* _PROMPT_: Skip every picture, and copy exactly the lines from the one containing "Front of real" to the end of the data.

* _SUPPLIED MATERIAL_:
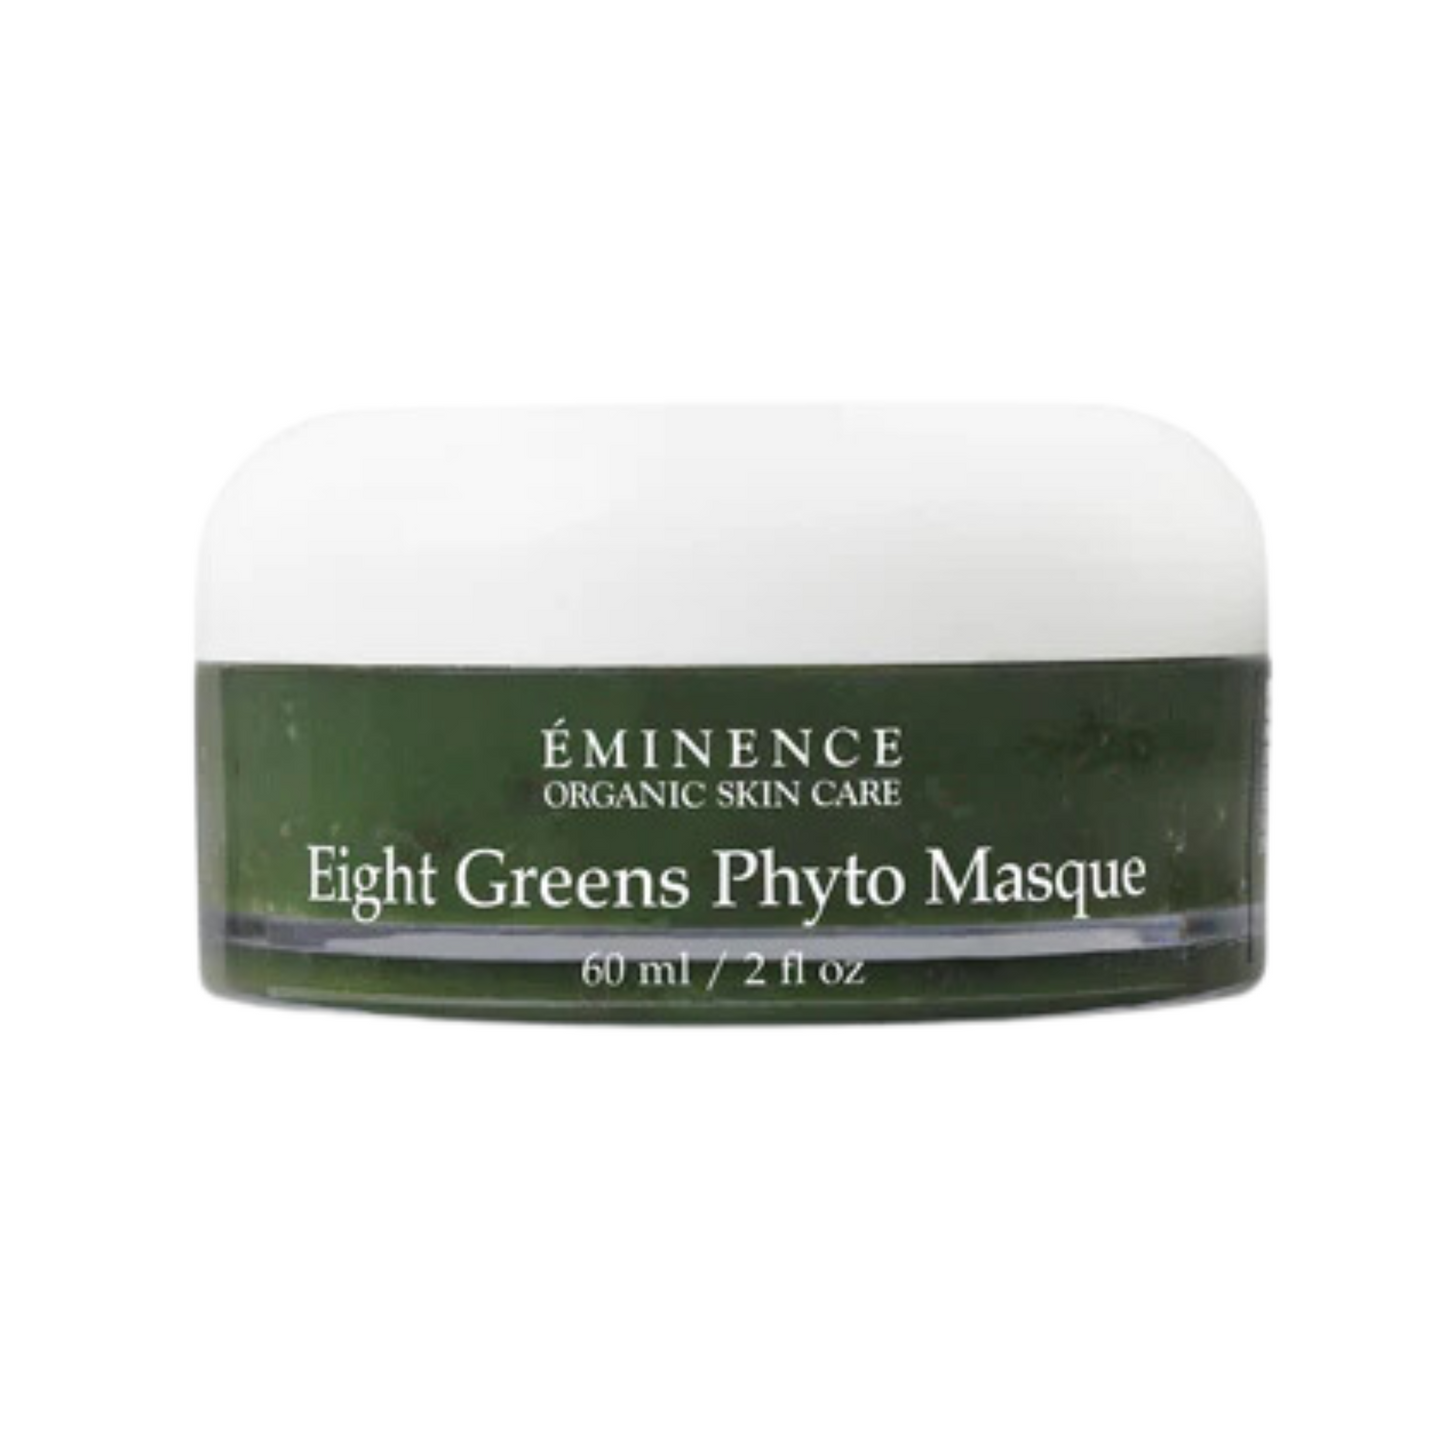 Eight Greens Phyto Masque (Not Hot) - Eminence Organic Skin Care
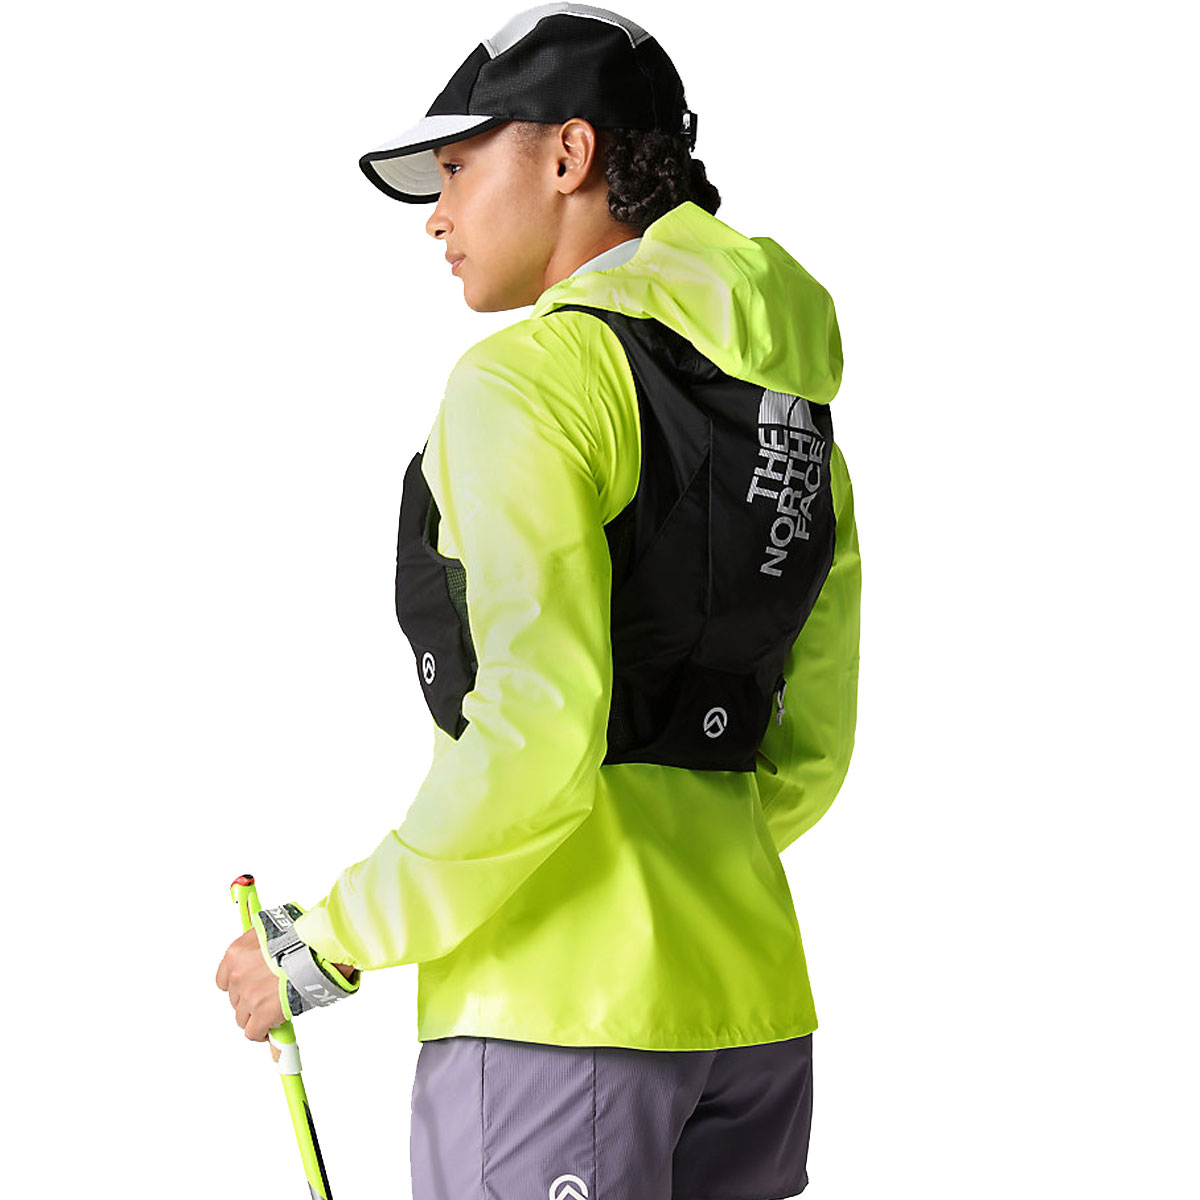 THE NORTH FACE - SUMMIT RUN TRAINING PACK 12L
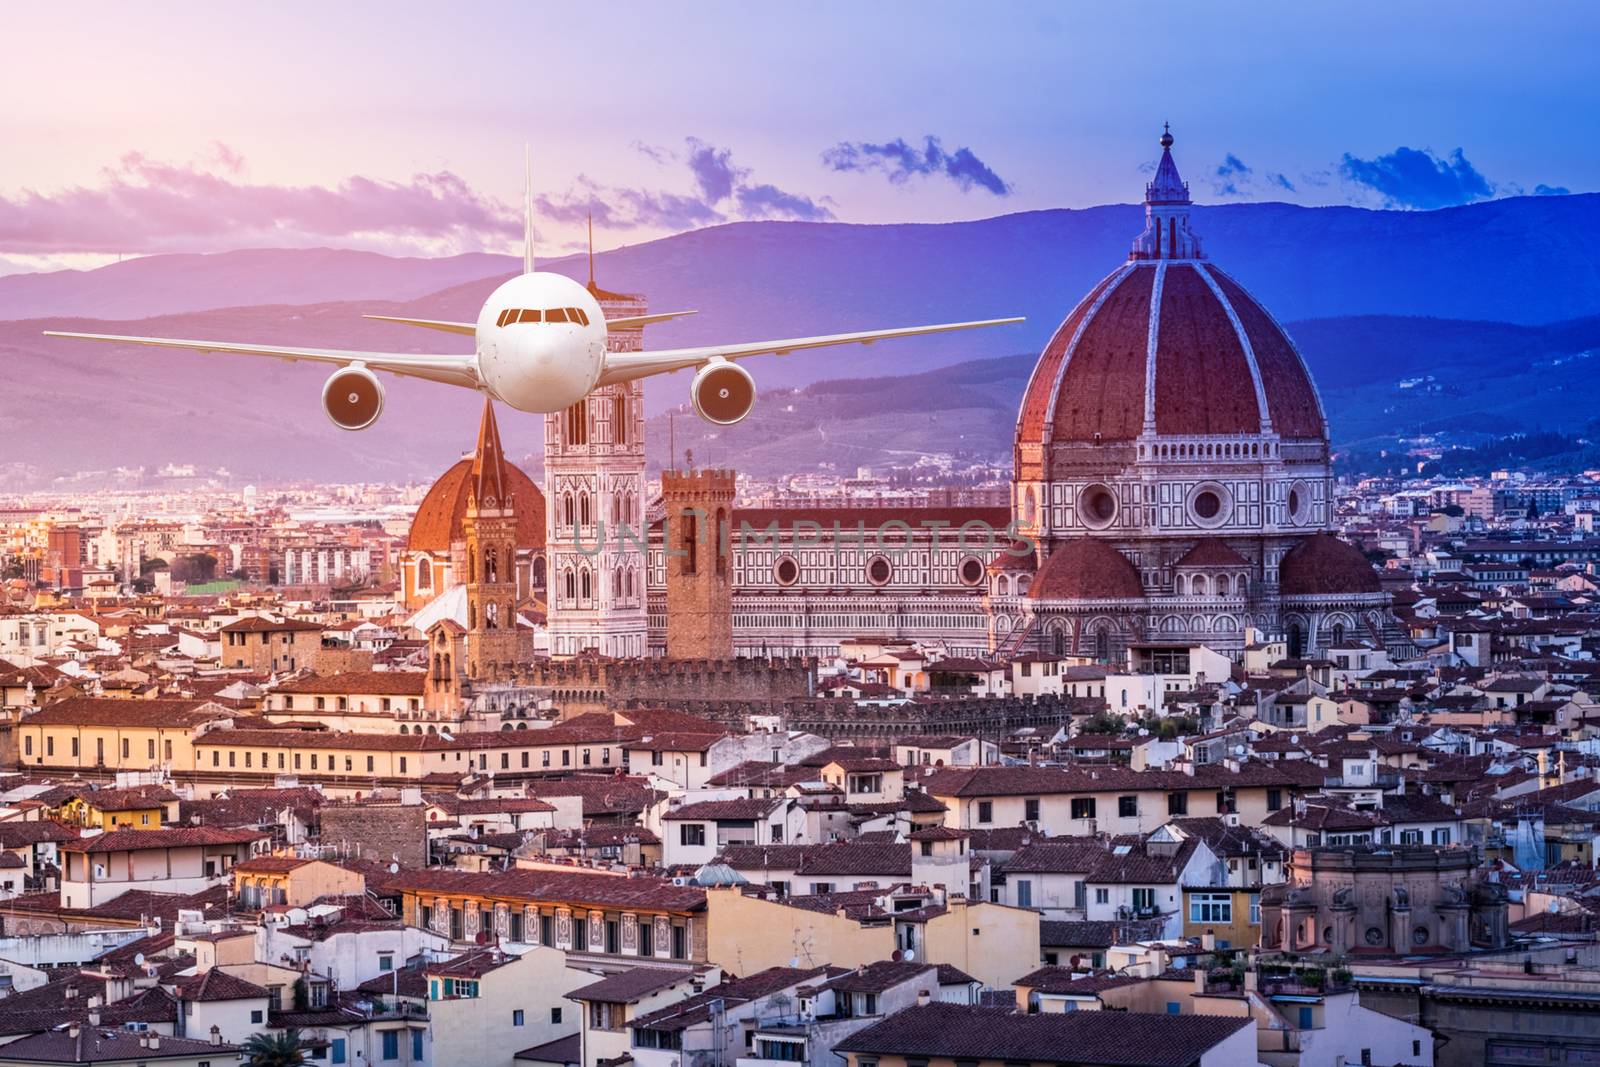 Front of real plane aircraft, on Florence Cathedral Santa Maria del Fiore in Sunrise at Florence, Italy background
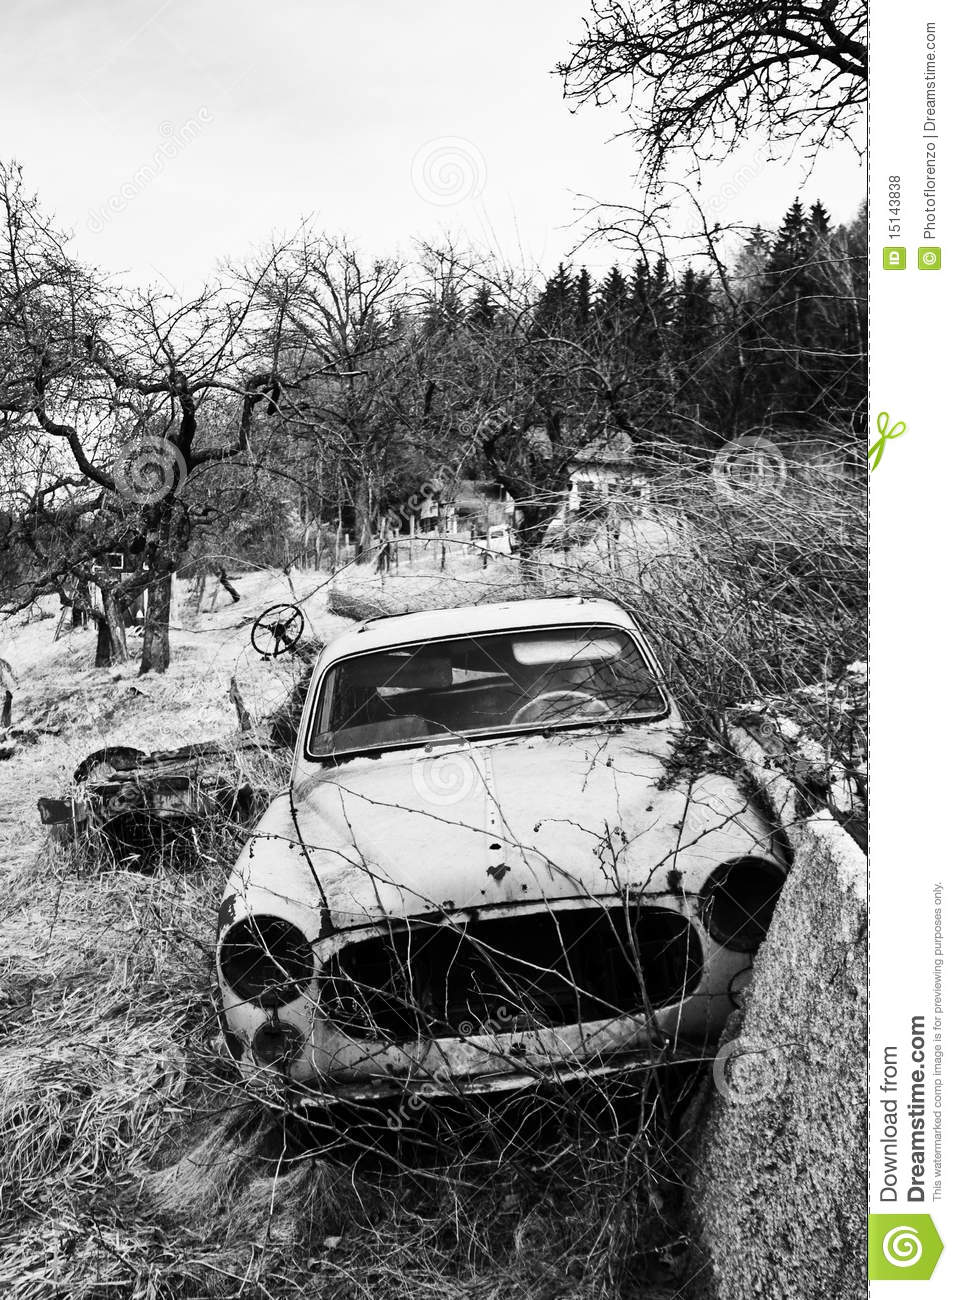 Broken Car In Black And White Royalty Free Stock Photos   Image

* _RESPONSE TO THIS EXERCISE_:
 Front of real plane aircraft, on Florence Cathedral Santa Maria del Fiore in Sunrise at Florence, Italy background
 Broken Car In Black And White Royalty Free Stock Photos   Image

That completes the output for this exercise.